First, let us take a quick look at the data. We will do that by inspecting the between-predictor correlations of the predictors expressed by a correlation matrix of the training data set. The variables are grouped adjacent to each other according to their mutual correlations.

# Extract training data.
training <- filter(segmentationOriginal, Case == "Train")

# Extract predictors.
predictors <- training %>% select(-(c("Class", "Case", "Cell"))) 

# Identify variables with zero variance.
zero_variance_predictors <- map_lgl(predictors, ~ n_distinct(.x) == 1)

# Remove predictors with zero variance.
predictors <- predictors[, !zero_variance_predictors]

# Compute and plot a correlation matrix of remaining predictors.
library(corrplot)
predictors %>%
  cor(.) %>%
  corrplot(., order = "hclust", tl.cex = .35)

From the graph, it seems that there are groups of predictors, that have strong positive correlations (dark blue).

There can be good reasons for avoiding variables, that are highly correlated, some of them being (as stated in ‘Applied Predictive Modelling’):

  • Redundant/highly correlated predictors often add more complexity than information to the model
  • Mathematical disadvantages: can result in very unstable models (high variance), numerical errors and inferior predictive performance.

The aim of my modelling experiments will be to apply different preprocessing techniques in order to mitigate the potential pitfalls of the “collinearity clusters”, that we are observing amongst the field of predictors.

Create initial recipe

First, let us set up a starting point for our data preprocessing pipeline in our modeling experiments. For this purpose I apply the awesome recipes package and create a - very basic - recipe, that will serve as an anchor for my model configurations.

In this recipe I declare the roles of all variables in the data set and state, that variables with zero variances should be removed.

library(recipes)
initial_recipe <- recipe(training) %>%
  add_role(Class, new_role = "outcome") %>%
  add_role(Cell, new_role = "id variable") %>%
  add_role(Case, new_role = "splitting indicator") %>%
  add_role(-Class, -Cell, -Case, new_role = "predictor") %>%
  step_zv(all_predictors())

You can ‘prep’ the recipe and get an impression of, what it is actually doing. It seems, it removes two of the predictors due to them having variances of zero.

prep_rec <- prep(initial_recipe)
tidy(prep_rec, 1)
#> # A tibble: 2 x 1
#>   terms                       
#>   <chr>                       
#> 1 MemberAvgAvgIntenStatusCh2  
#> 2 MemberAvgTotalIntenStatusCh2

Set up a model grid

In order to organize and structure my experiments with different data preprocessing pipelines I apply my modelgrid package, that offers a framework for constructing, training and managing multiple caret models.

modelgrid separates the specification of a(ny number of) caret model(s) from the training/estimation of the model(s). By doing so, modelgrid follows the same principles as the new promising package parsnip, which is under construction.
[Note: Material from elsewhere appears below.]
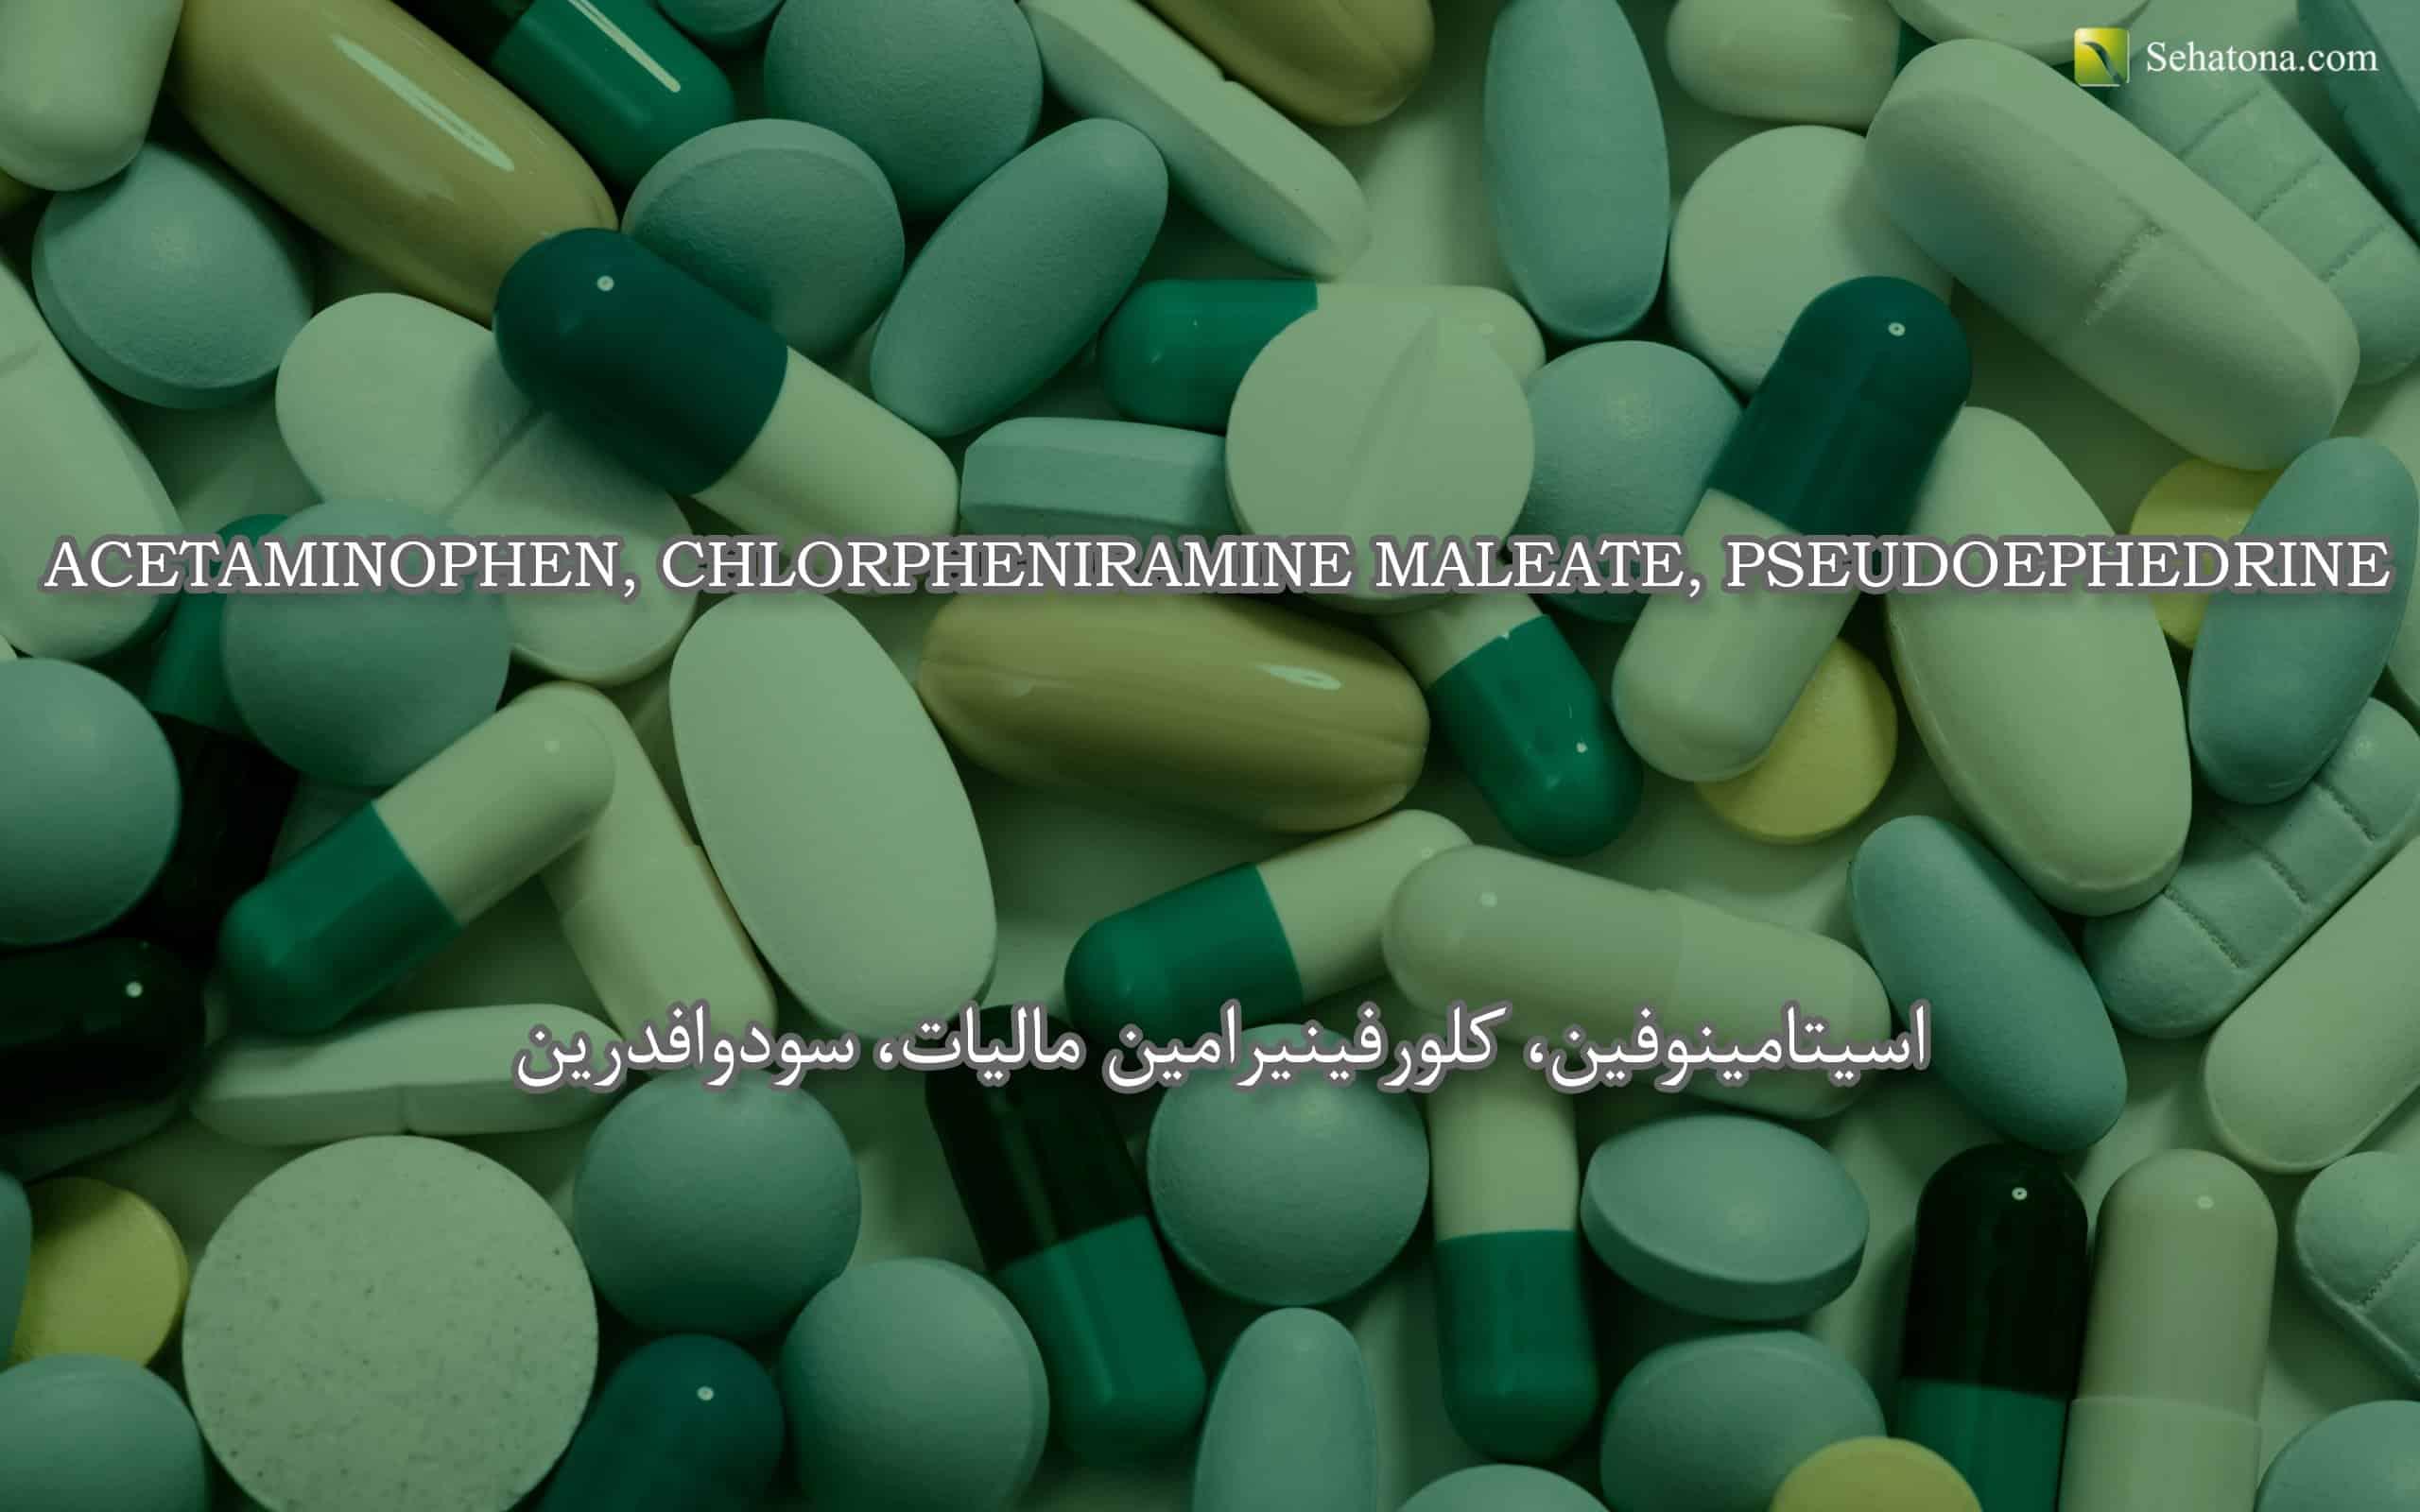 Acetaminophen, chlorphenamine maleate, Pseudoephedrine

Assume, that we want to estimate a family of Generalized Linear Models, all with different data preprocessing pipelines. I have decided on the following conditions for the model training:

  • Apply a cross-validation resampling scheme with 5 folds.
  • Tune the models and measure performance using the standard and highly versatile ‘Area Under the Curve’ (AUC(/ROC)) metric.

I construct a model_grid and set the settings, that by default will apply to all of my models, accordingly.

library(modelgrid)
library(caret)

models <- 
  # create empty model grid with constructor function.
  model_grid() %>%
  # set shared settings, that will apply to all models by default.
  share_settings(
    data = training,
    trControl = trainControl(method = "cv",
                             number = 5,
                             summaryFunction = twoClassSummary,
                             classProbs = TRUE),
    metric = "ROC",
    method = "glm",
    family = binomial(link = "logit")
  )

We are now ready to add individual model specifications, each with their own data preprocessing pipeline to the model grid.

Adding the first model specifications to the model grid

We will kick things off by adding the first model specification to my model grid. In this configuration I just apply our initial data preprocessing recipe and do no further. I will refer to this model as ‘baseline’.

models <- models %>%
  add_model(model_name = "baseline", 
            x = initial_recipe)

One way of dealing with the potential drawbacks of the observed “collinearity clusters” is to apply a correlation filter. The correlation filter poses a heuristic approach to dealing with highly correlated predictors. It removes the predictors with the highest between-predictor correlations one at a time, until all between-predictor correlations are below some critical threshold.

In order to do so, I extend my initial recipe with an additional step, that applies the correlation filter. Furthermore I will try out different values for the between-predictor correlation threshold value of the filter, essentially treating it as a hyperparameter.

models <- models %>%
  add_model(model_name = "corr_.7", 
            x = initial_recipe %>%
              step_corr(all_predictors(), threshold = .7)) %>%
  add_model(model_name = "corr_.8", 
            x = initial_recipe %>%
              step_corr(all_predictors(), threshold = .8)) %>%
  add_model(model_name = "corr_.9", 
            x = initial_recipe %>%
              step_corr(all_predictors(), threshold = .9))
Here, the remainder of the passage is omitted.